CBO noted that some insurance companies have already raised their premiums, “as a result of current uncertainty about future CSR payments.” Put differently, Trump has already begun destabilizing insurance markets, by merely threatening to end CSR payments.
CSR sabotage would boost the federal budget deficit by roughly $200 billion–giving insurance companies more federal money, not less
For every dollar saved by cutting CSR payments, the federal government would spend three additional dollars on higher premium tax credits. Those higher costs mainly result from the increased premiums that insurance companies would charge to offset their loss of CSR payments. On balance, eliminating CSR payments would increase the federal budget deficit by $194 billion over 10 years, according to CBO, with additional outlays potentially resulting from lawsuits brought by aggrieved insurers.
Millions of Americans would be forced to change their health insurance
After insurance companies adjust to the loss of CSR payments, overall coverage levels would be similar to current law. However, the unanticipated consequences of CSR sabotage would change health insurance arrangements for millions of Americans:
- Fewer employers would offer coverage to their workers, according to CBO. By 2022, 3 million people would lose their employer-sponsored insurance.
- Almost the only people buying silver-level coverage in the marketplace would be tax-credit beneficiaries with incomes below 200 percent of FPL. People with incomes above that level would be forced, by higher premiums, to seek alternative forms of coverage. Based on data from the Administration, more than 1.5 million people would need to change their individual-market plans.3
- Because of how higher premiums affect tax credits, the purchasing power of premium tax credits would shift from lower- to higher-income tax-credit beneficiaries. People with incomes too high for tax credits who receive gold coverage would also benefit, while people with incomes under 200 percent of the federal level for poverty would lose out.

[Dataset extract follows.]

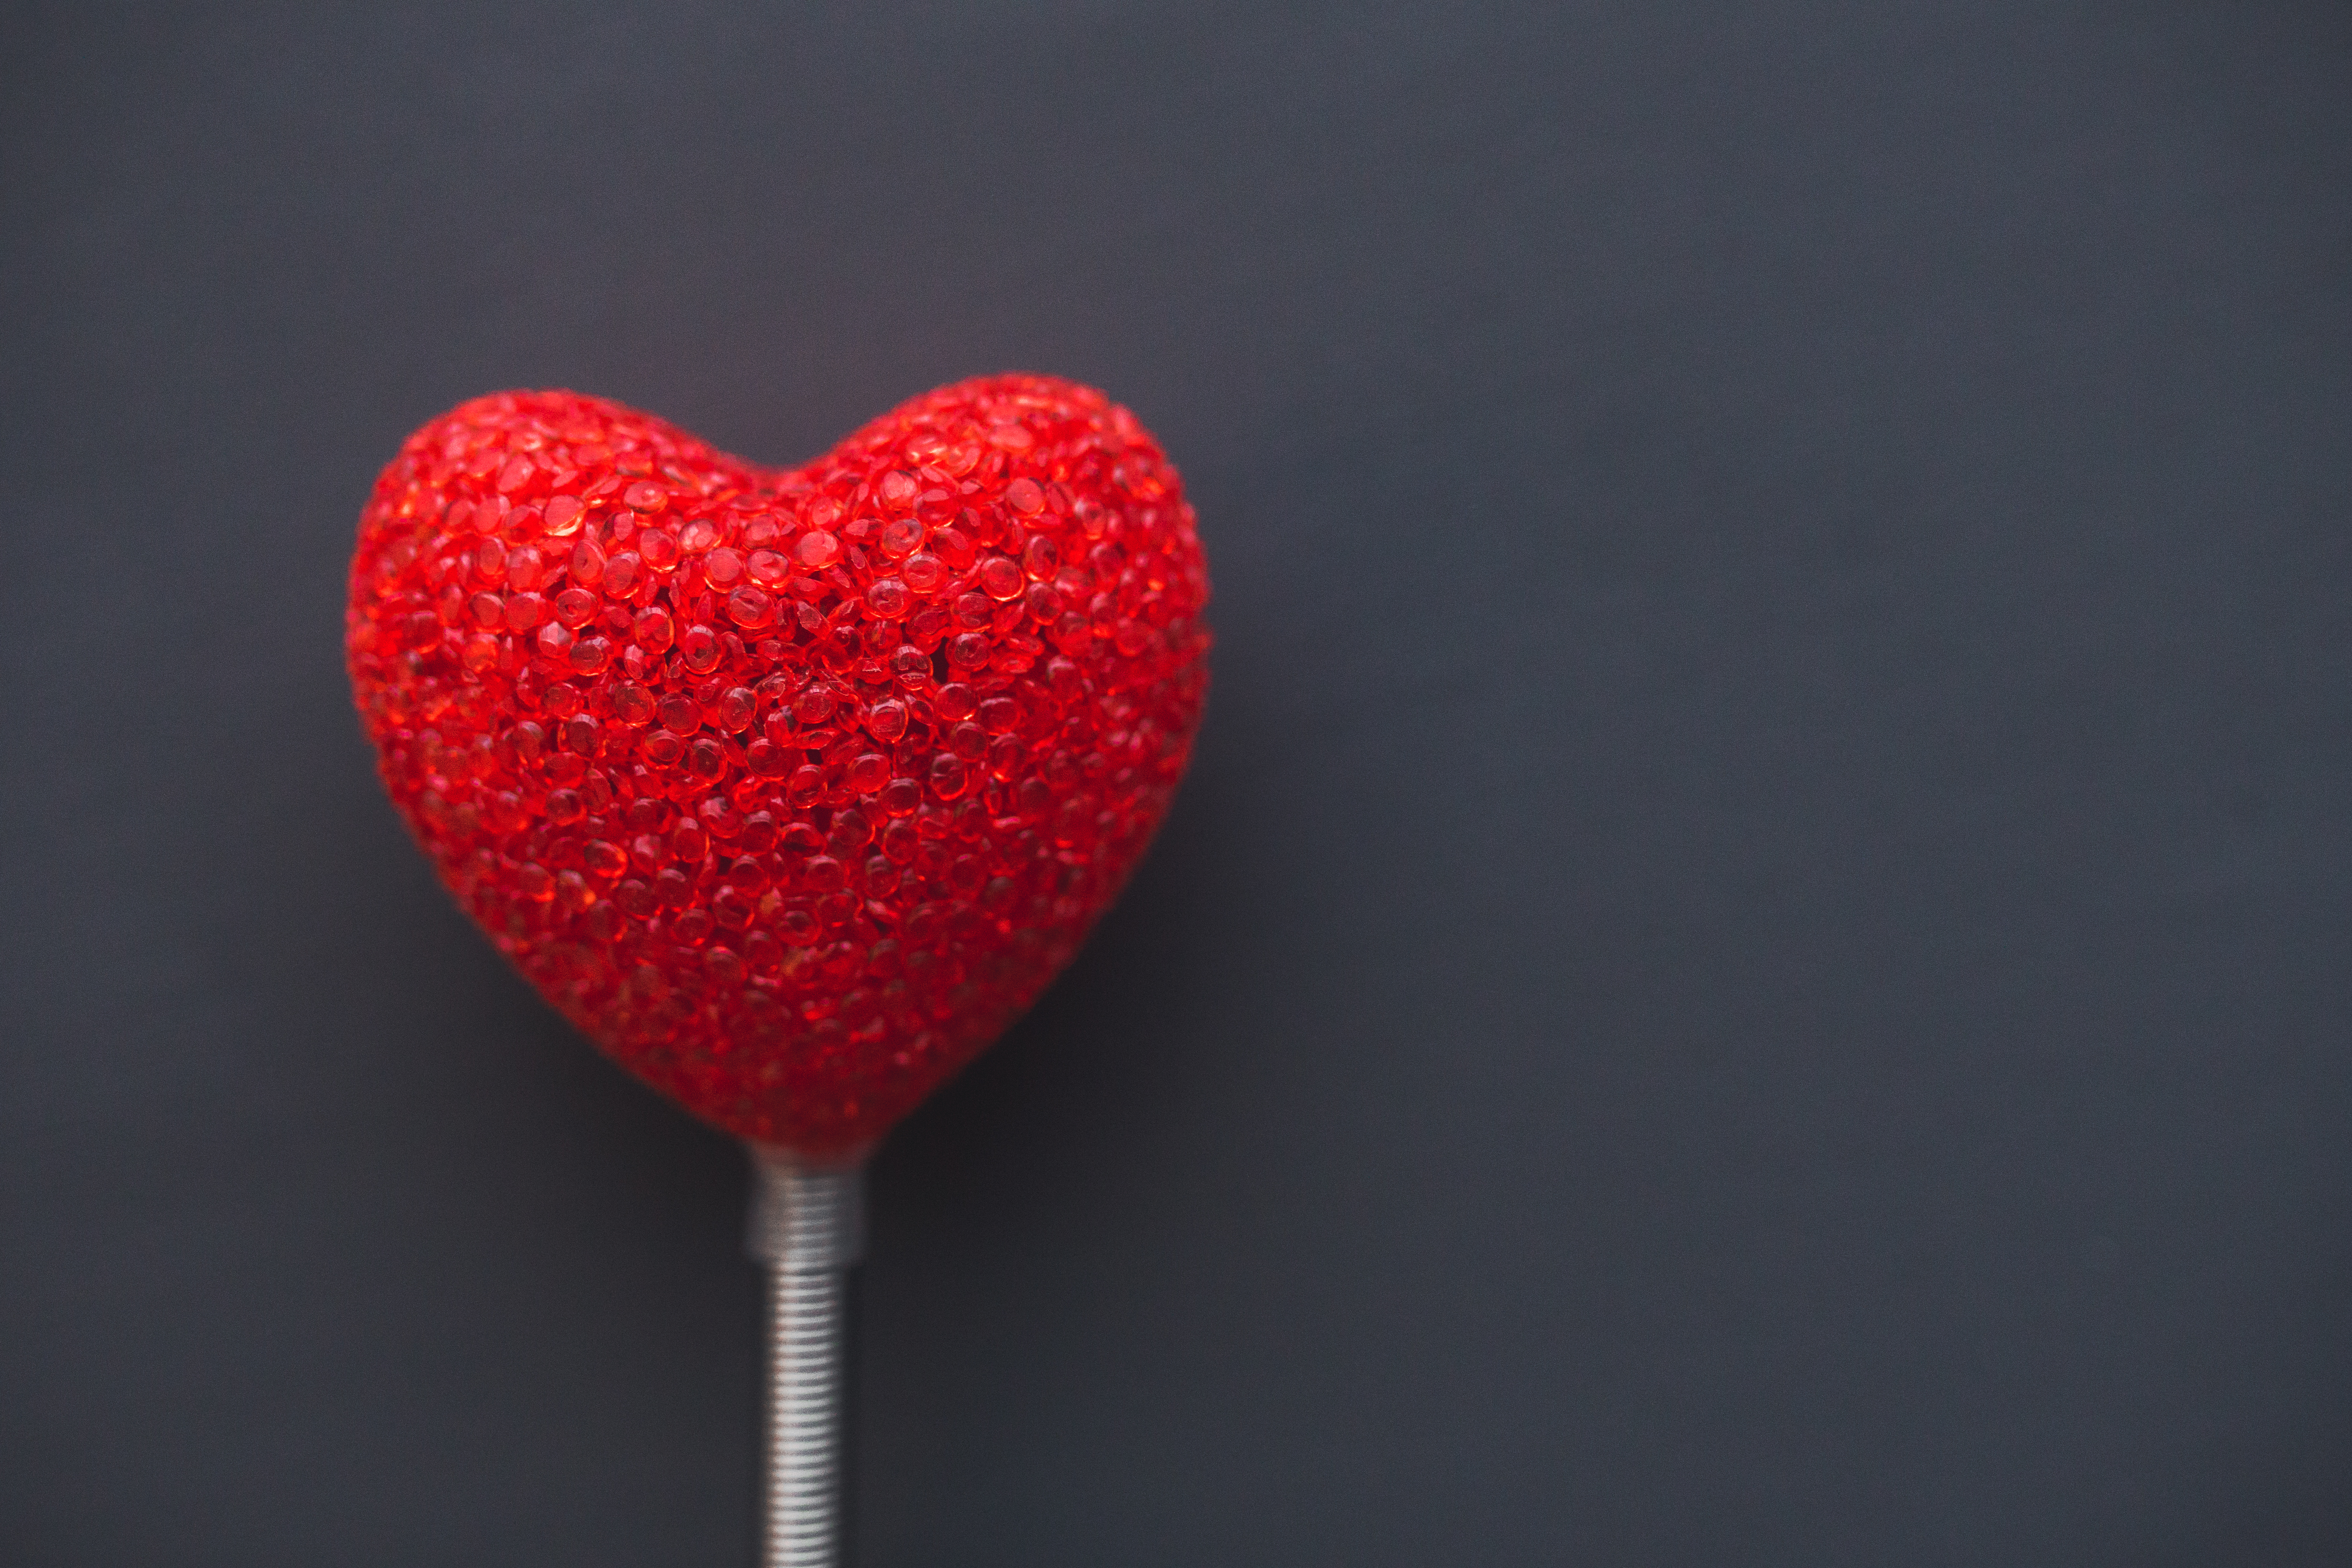 Free stock photos of heart · Pexels

The details are complicated, but the bottom line is simple: CSR sabotage will destabilize individual markets, end coverage options for millions of Americans, raise health insurance costs for low- and moderate-income consumers, increase the federal budget deficit, and force millions of Americans out of the insurance they receive today from employers or the individual market.

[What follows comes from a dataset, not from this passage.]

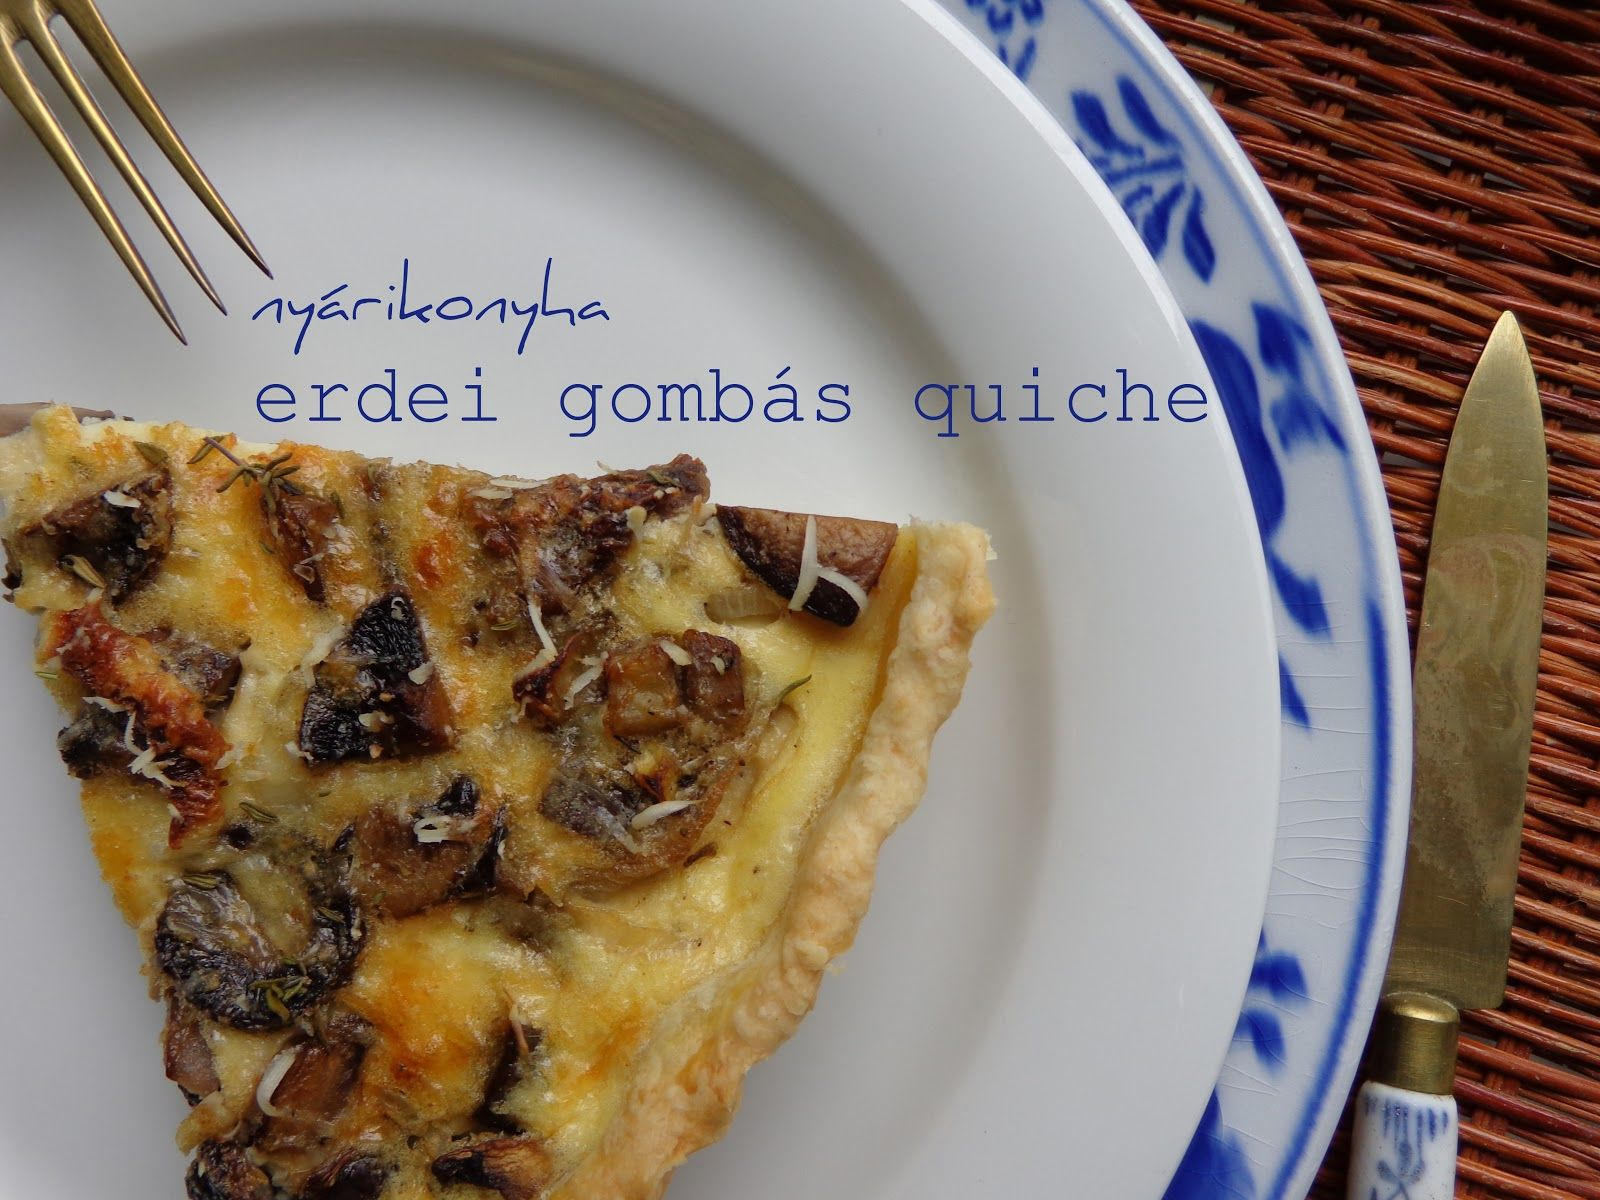 Gombás quiche - kipróbált quiche receptek képekkel - Receptvarázs – receptek képekkel

1The percentages in the text are net income thresholds. Gross thresholds of modified-adjusted-gross income (MAGI) are 5 federal-poverty-level percentage points higher.
2$500 not covered by tax credits if CSR sabotage occurs, compared to $450 under current law.
3According to HHS data, 1,452,000 people selected silver, marketplace coverage for 2017, without qualifying for CSRs. https://www.cms.gov/Research-Statistics-Data-and-Systems/Statistics-Trends-and-Reports/Marketplace-Products/Downloads/2017_OEP_State-Level_Public_Use_File.zip Additional consumers qualified for CSRs with incomes between 200 and 250 percent of FPL.